>>>

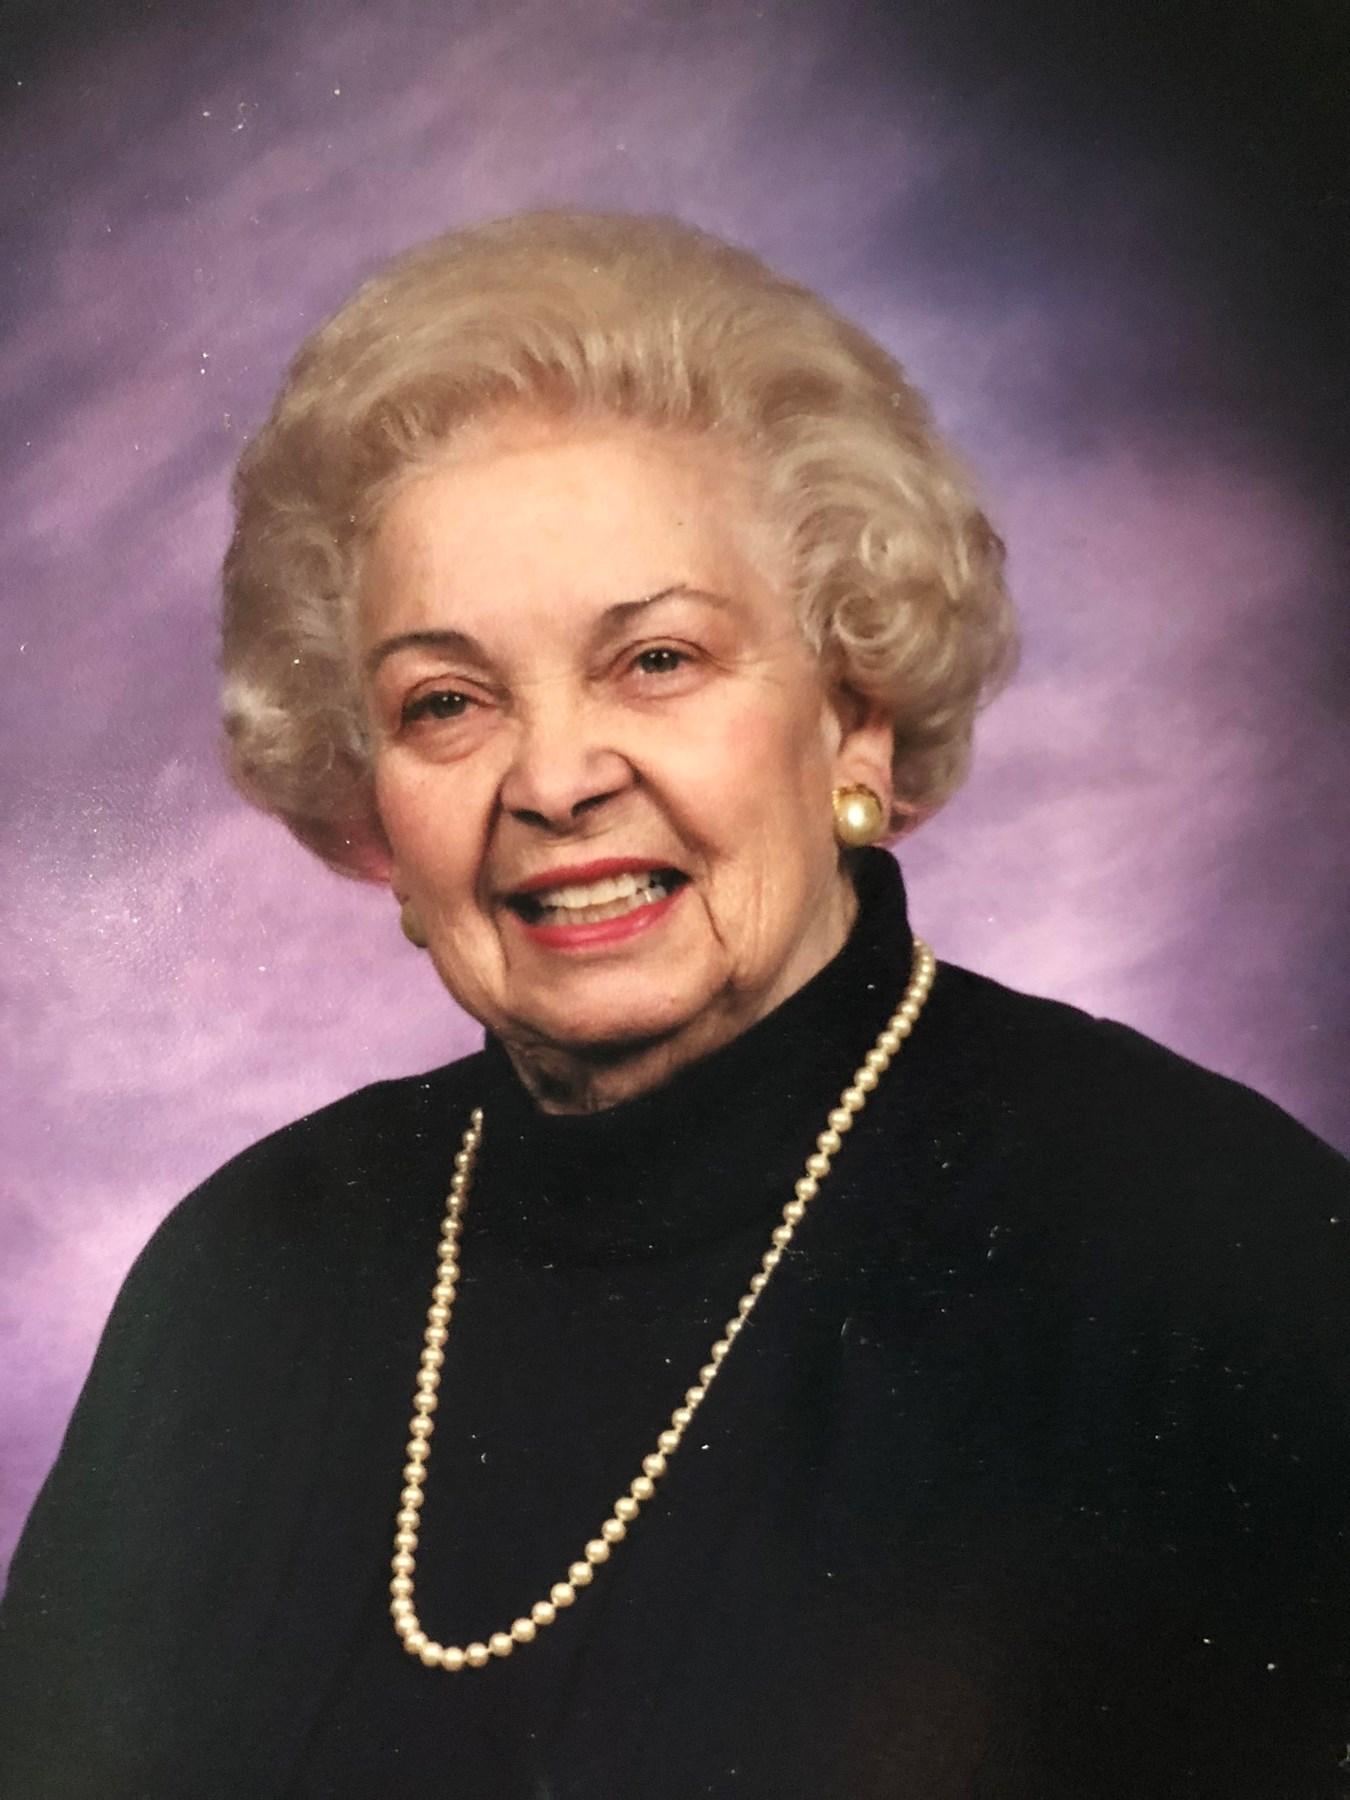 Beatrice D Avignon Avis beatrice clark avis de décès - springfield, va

<<<
>>>

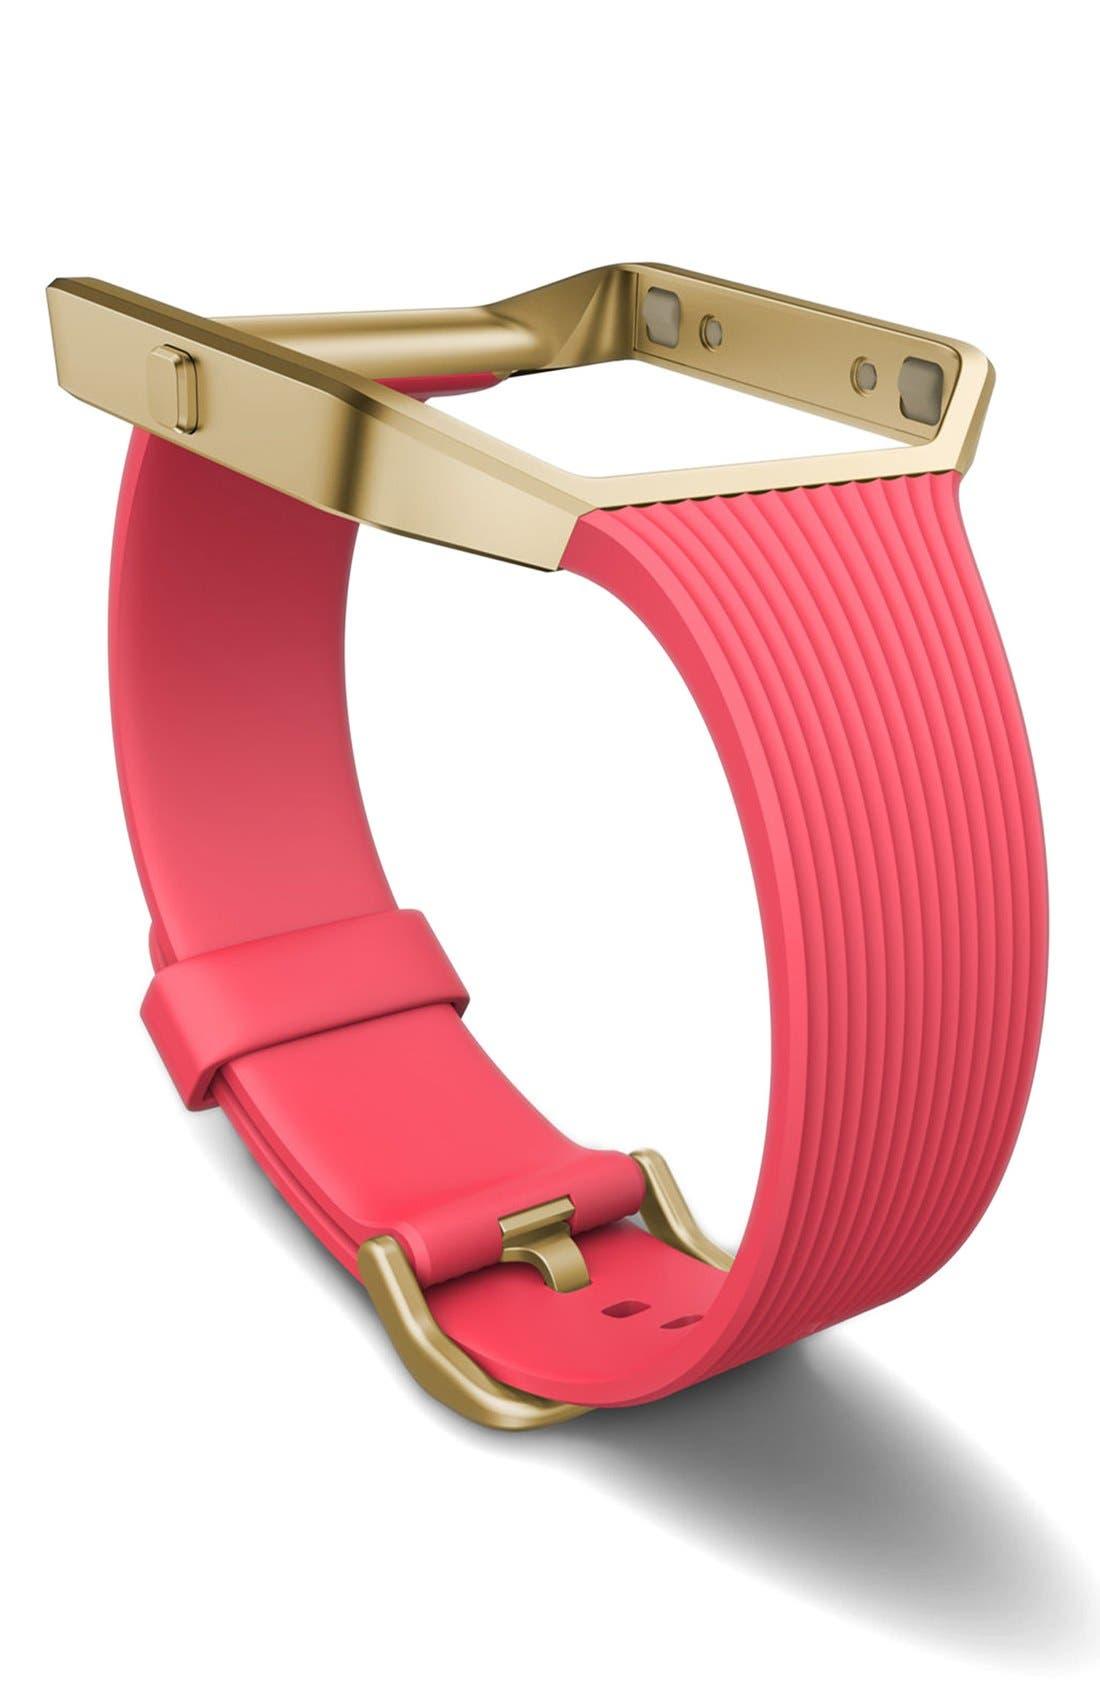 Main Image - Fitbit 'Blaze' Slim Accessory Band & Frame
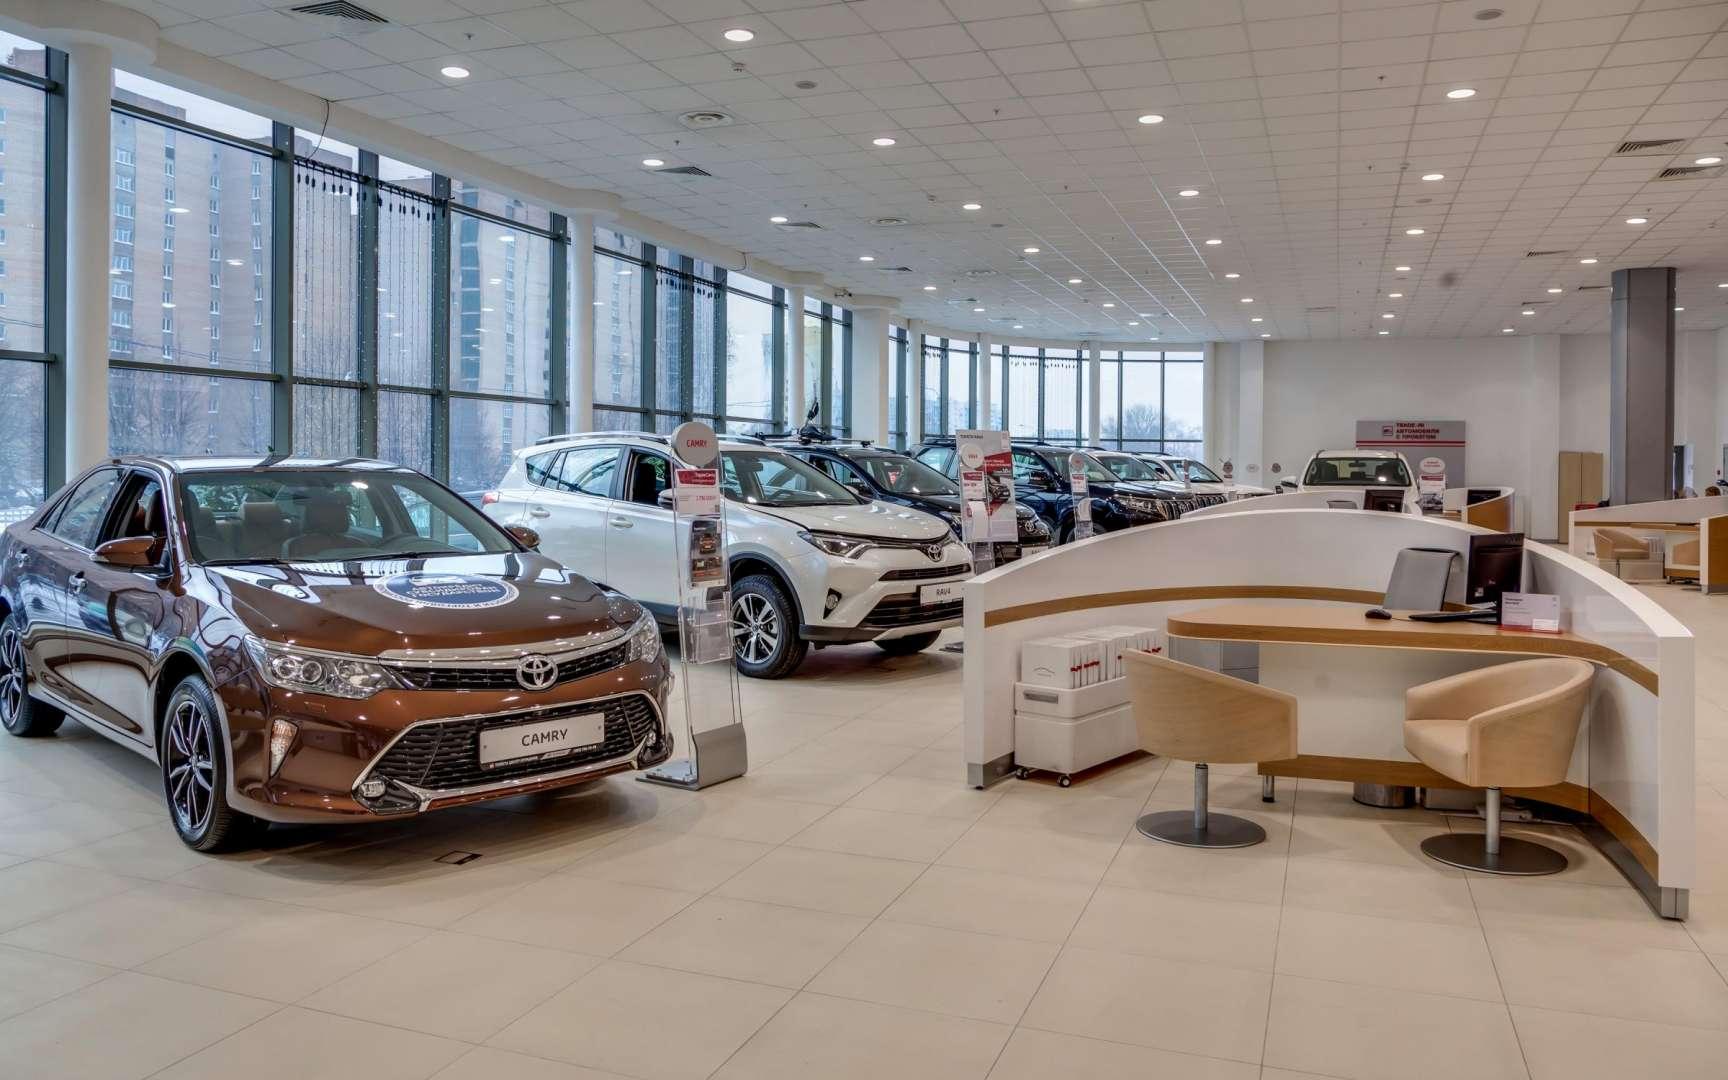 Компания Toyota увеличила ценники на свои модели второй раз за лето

<<<

■ Exercise requirements:
Now transcribe the lines above exactly, starting at the line containing "Main Image - Fitbit" and ending at the line containing "Компания Toyota увеличила", both lines included, pictures excluded.

■ Response:
 Main Image - Fitbit 'Blaze' Slim Accessory Band & Frame
 Компания Toyota увеличила ценники на свои модели второй раз за лето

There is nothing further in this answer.